* **DATA BELOW**:
---------------

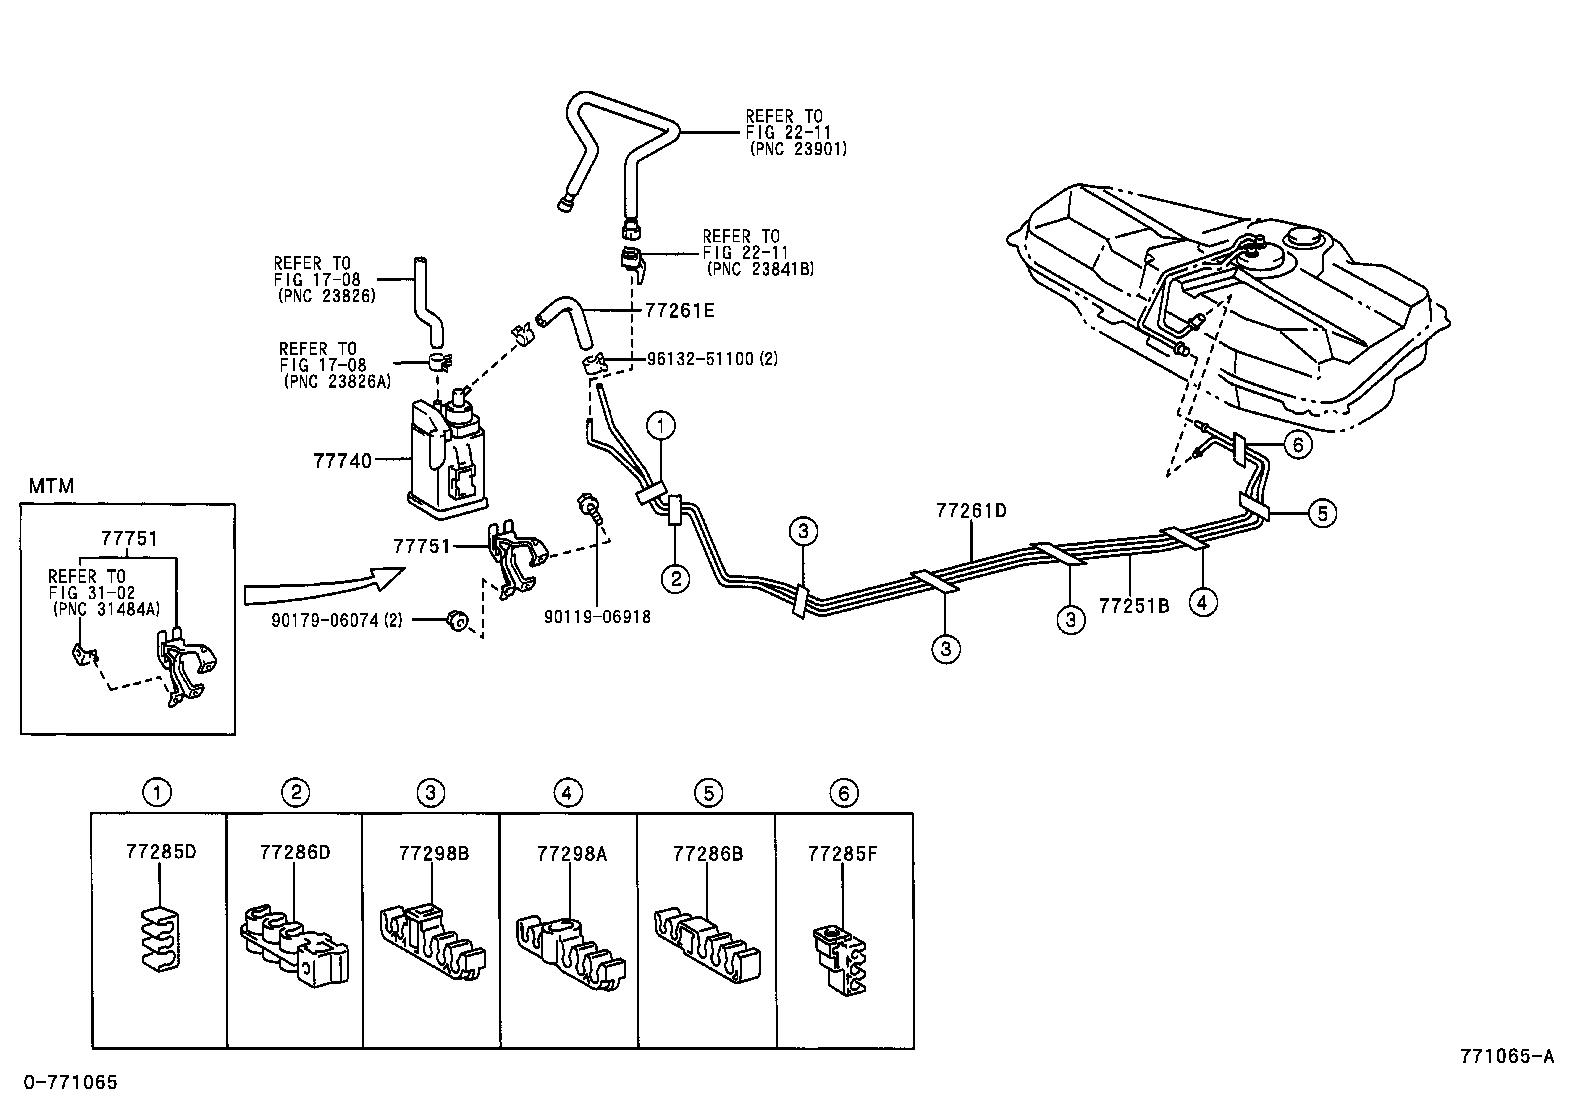 Mitsubishi Car Radio Wiring Diagram On Mangna Mitsubishi Wiring
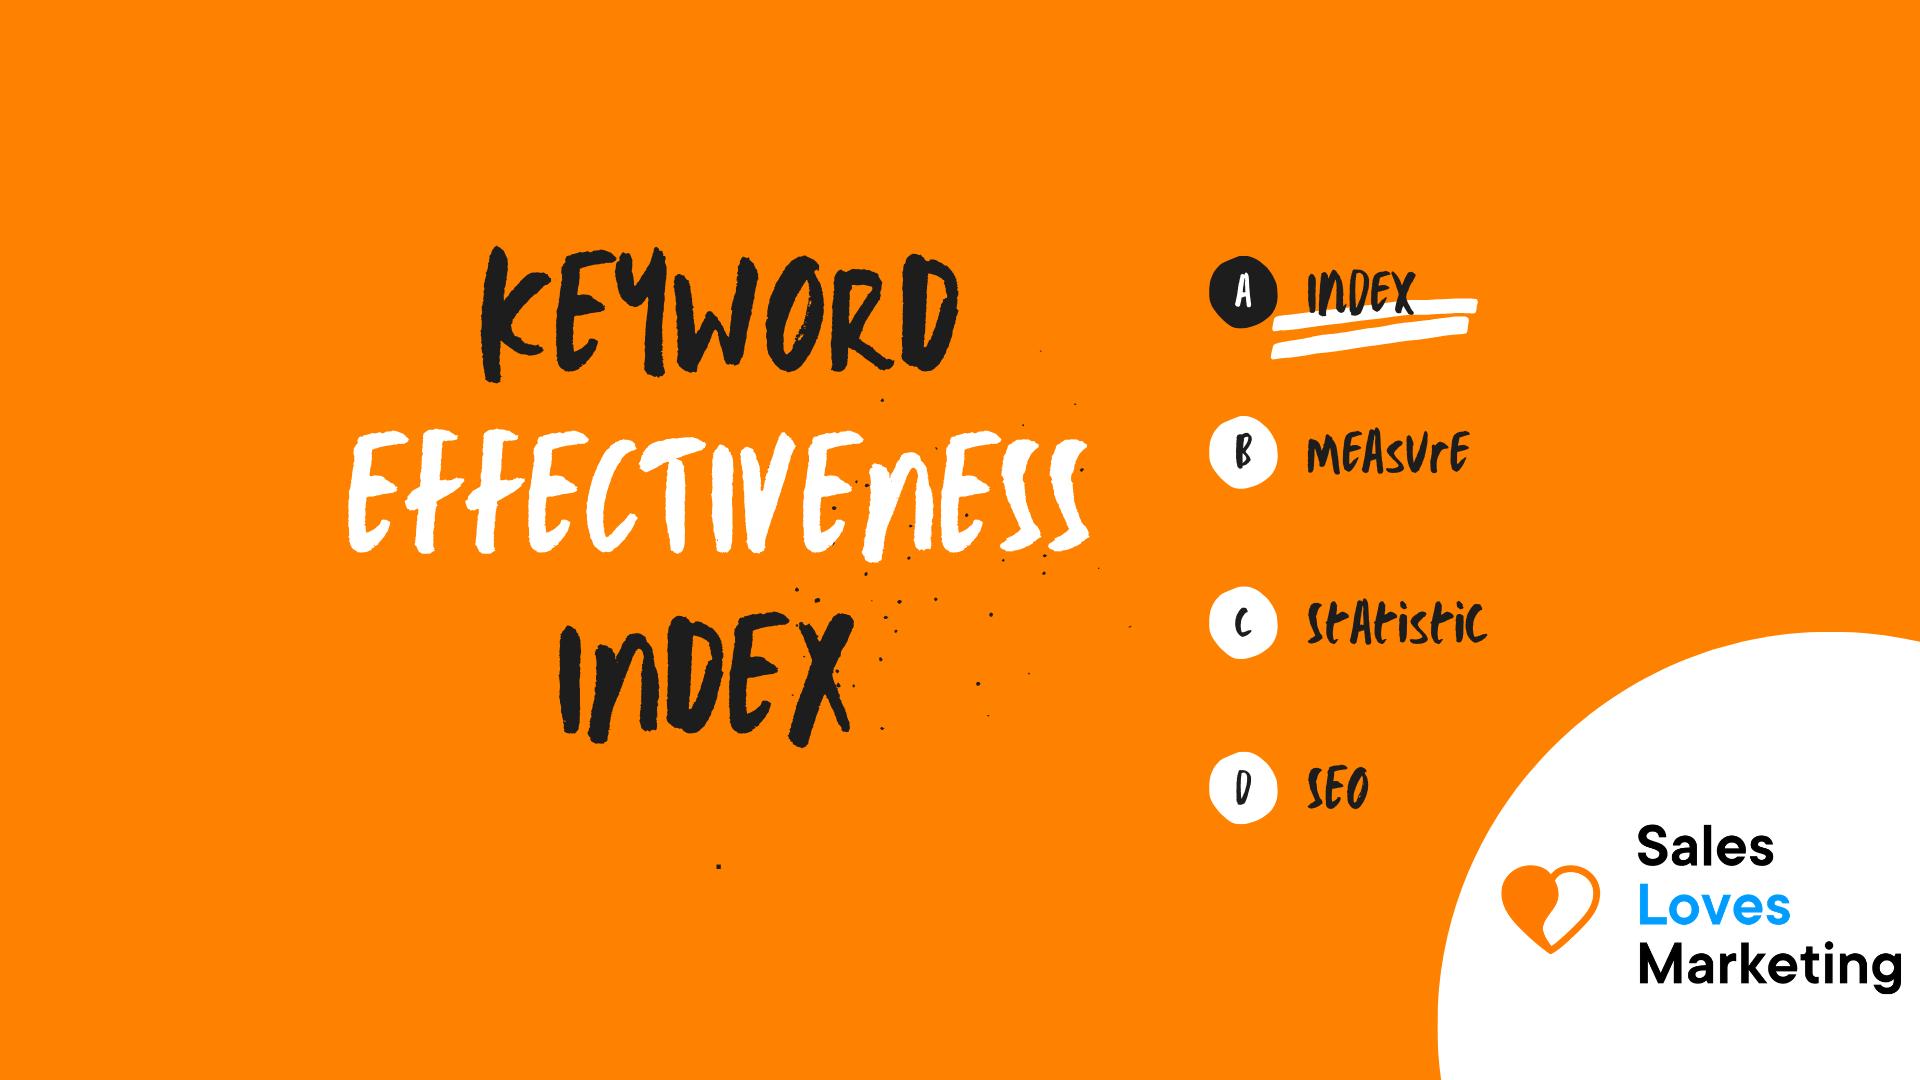 Keyword Effectiveness Index (KEI)
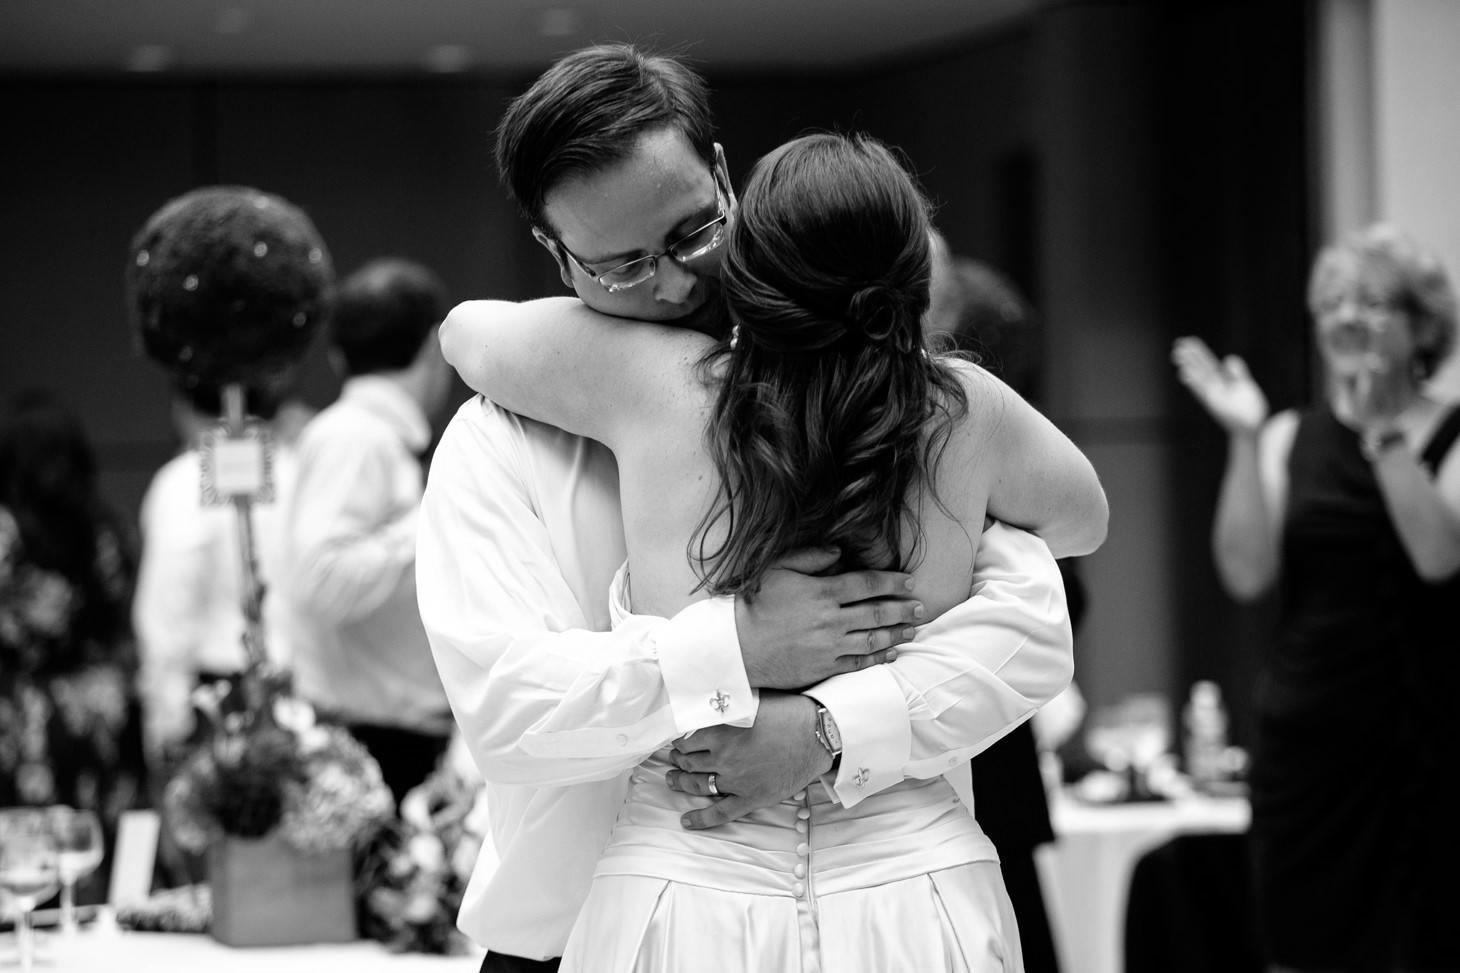 103-nyc-wedding-photographer-hoboken-waterfront-wedding-photos-smitten-chickens.jpg
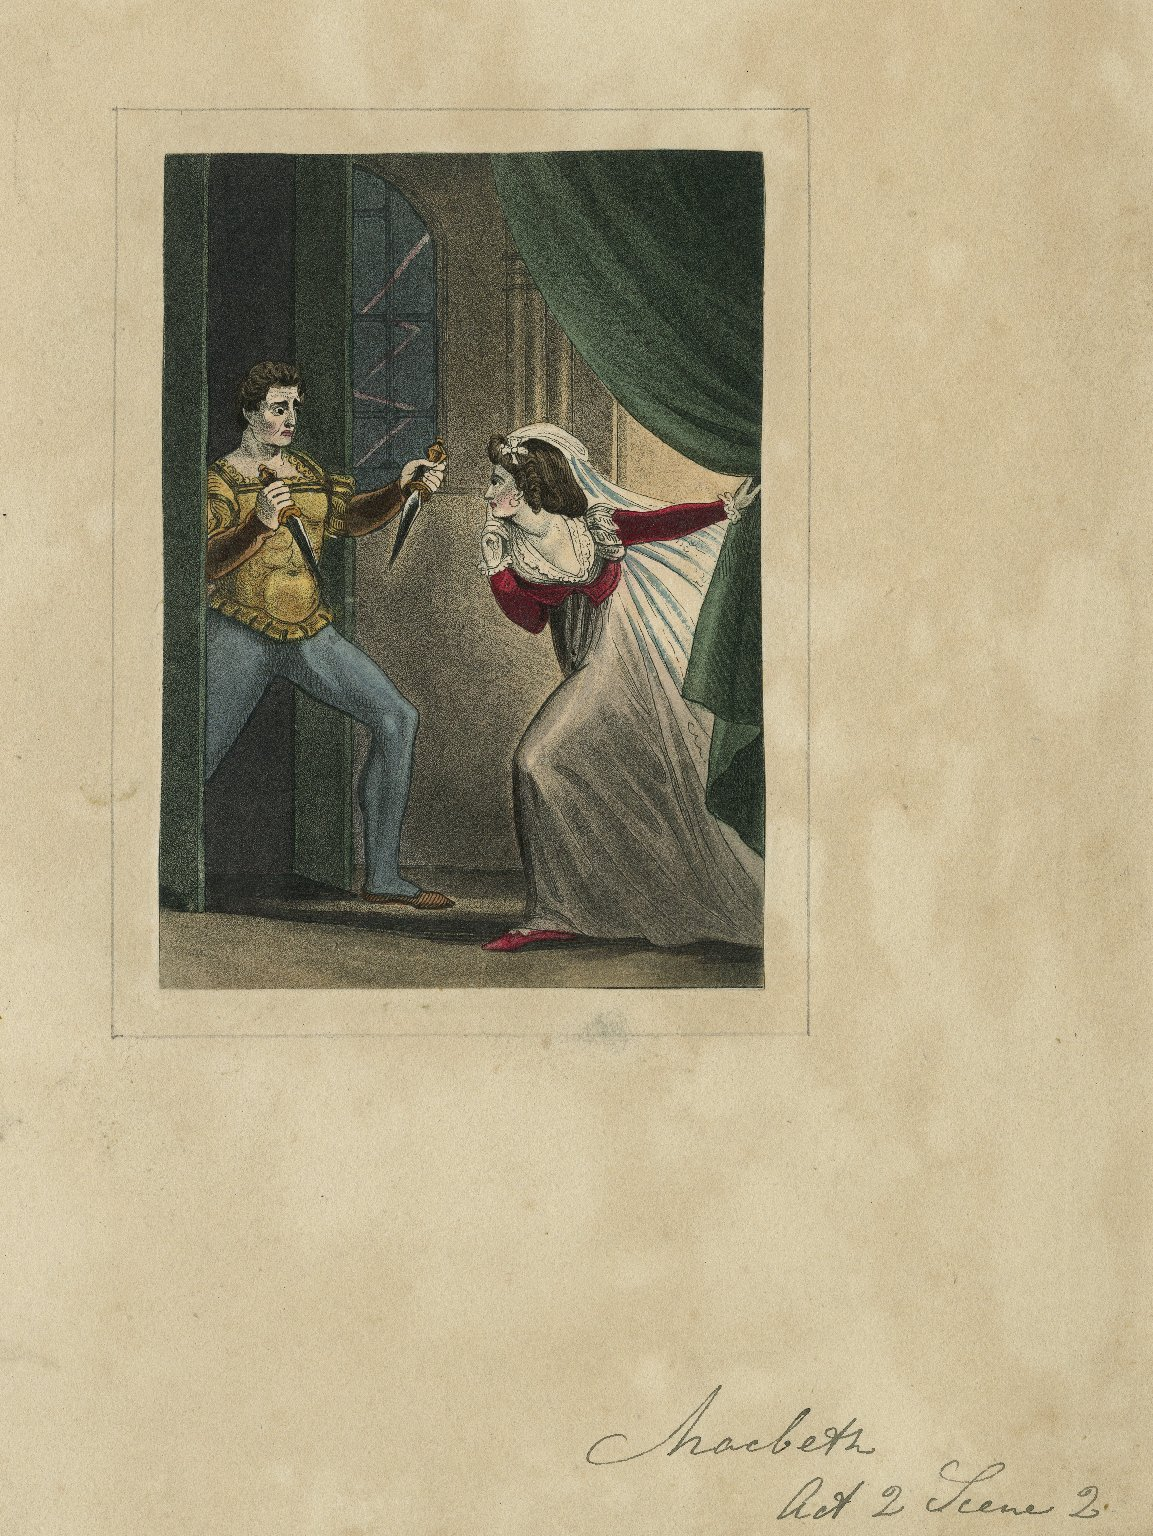 Macbeth, act 2, scene 2 [graphic].

---------------

* **ASSIGNED TASK**: Reproduce the data exactly, please, and omit its pictures.

* **THE ANSWER**:
 Mitsubishi Car Radio Wiring Diagram On Mangna Mitsubishi Wiring
 Keyword Effectiveness Index (KEI)
 103-nyc-wedding-photographer-hoboken-waterfront-wedding-photos-smitten-chickens.jpg
 Macbeth, act 2, scene 2 [graphic].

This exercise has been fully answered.